Послушный дома, становился раздражительным и капризным в детском саду, требуя к себе повышенного внимания. Воспитатели и нянечки быстро научились бороться с ним, запирая в спальню. Валерка выл, стучал в дверь, требуя открыть и пустить в группу к остальным детям, но оставался неуслышанным. Порой, так и засыпал у дверей, уставши плакать. Когда приносили еду, его будили, кормили, и снова жаловались матери на капризы. Она не наказывала его: «Им деньги за что платят? Вот пусть глядят за тобой». Воспитатели не могли уделять много времени каждому ребенку, в группе-то считай двадцать, таких же маленьких, не до его капризов. А о наказании кто узнает? К тому же семья неблагополучная. Жаловаться заведующей мать не пойдет. Кто послушает ее? Ребенка-то нагуляла.
Ясли были первой ступенью его школы выживания.
В группе держался особняком. Понравившиеся игрушки, сгребал в кучу, садился в угол, не подпуская никого к себе. Его снова наказывали, снова жаловались матери, в общем, все оставалось по-прежнему. Прозвища «нелюдим» и «безотцовщина» прочно закрепились за ним. Он не обращал внимания на эти слова и боялся спрашивать мать, что означают они. Понимал, что-то нехорошее, потому что называли его так, когда наказывали за провинность.

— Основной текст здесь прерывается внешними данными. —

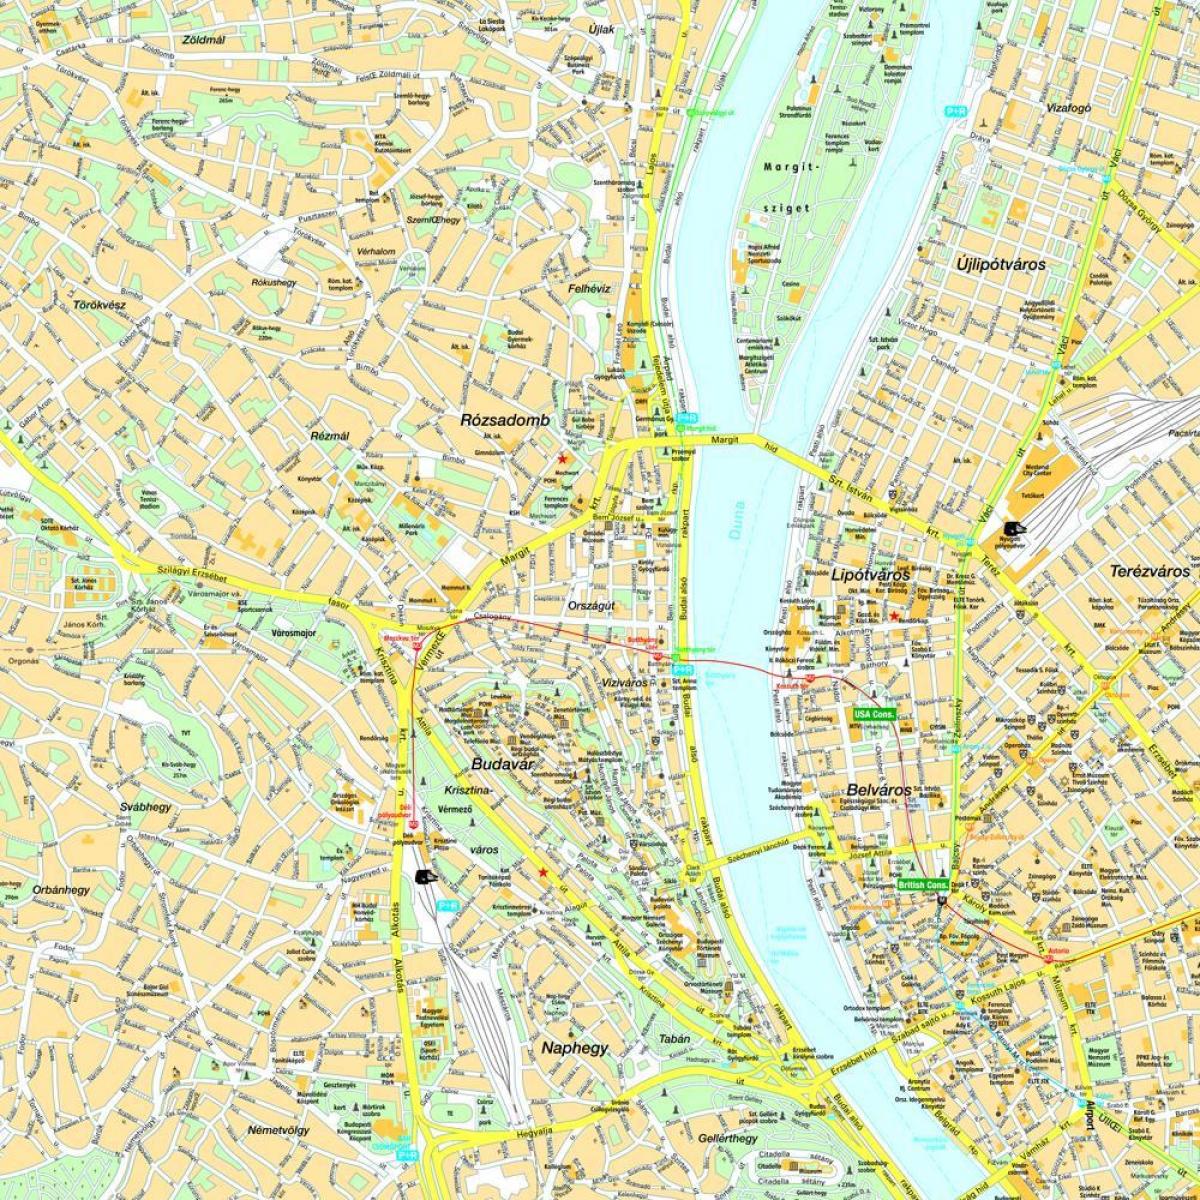 kart over budapest og området rundt

Становясь старше, больше проводил времени у забора, наблюдая за проходившими мимо людьми. Манила улица. В три года он чувствовал себя взрослым, потому что мать посылала за хлебом и разрешала одному играть на детской площадке. Квартира располагалась на первом этаже и она безбоязненно отпускала его, иногда выглядывая в окно, проверяя, не ушел ли куда. Напротив подъезда стояла общественная скамейка для старушек. Он с удовольствием сидел между ними, не прислушиваясь к их разговорам, в ожидании угощения. Знал, кто-нибудь обязательно захватит для него конфетку, либо кусок колбасы с хлебом.
Когда первый раз нашел деньги, любил ходить в ближайшие магазины, вдруг повезет, и найдет закатившуюся копеечку под прилавок. В пять лет научился попрошайничать, и у него были свои деньги. Желание накапливать, тянуло на улицу. Он уговаривал мать не водить его в садик, мотивируя самым больным для обоих: «Там все мамочкины и папочкины мальчики и девочки, которые жадничают, не дают ему своих игрушек, не угощают сладостями». Мать жалела сына и себя, обделенных мужской заботой и любовью, но, боялась за его жизнь, и приказывала ходить в садик.
– Мал ты еще оставаться дома один. Насидишься, когда в школу пойдешь.
Однажды он сбежал из садика. Ей позвонили на работу. Она знала, где его искать. Привела домой и всыпала хорошенько. На этом все недовольство закончилось. Маленький Валерка понял, если мать говорит «нужно», значит нужно.
Так они дожили до первого класса.
– Растрата-то какая, – заявила мать, пересчитывая деньги, отложенные с зарплаты на школьные принадлежности, – знают ведь, что мать-одиночка, помогли бы, дали бесплатно форму, тетради. Хорошо, что за учебники не платить, разорение какое с твоей учебой! – она взяла его за руку и они пошли в ближайший универмаг. В отделе «Все для школы» мать посмотрела ценник на форменном костюме, помотала головой.
– Вот, Валерка, деньги-то какие на твою школу придется истратить, это тебе не садик, где и посмотрят и накормят. Глянь-ка, целых 13 рублей с копейками, а это только за брюки с пиджаком! За карандаши и тетради сколько еще? А обутка?
Переходя из отдела в отдел, мать сокрушалась что «сильно потратилась», когда пришли домой, сказала
– Сколько денег сразу выложила, целых тридцать рублей с копейками, попробуй только не учись хорошо. На обед рубль давать не буду. Четыре с половиной недели, это же почти пятерка в месяц. Ешь хорошо дома перед школой, кусок хлеба с маслом возьмешь с собой, может, когда пять копеек дам на пирожок, перекусишь и то хорошо, а домой придешь, наешься. Форму-то береги, чтобы пришел из школы сразу снял и повесил ее. Гладить каждый день не буду, износится быстро, а дома и на улице в трико бегай, не жалко, дешевое оно. На первое сентября без цветов обойдешься. Ни к чему лишние расходы. Ей, твоей училке, принесут другие, те, кто побогаче нас.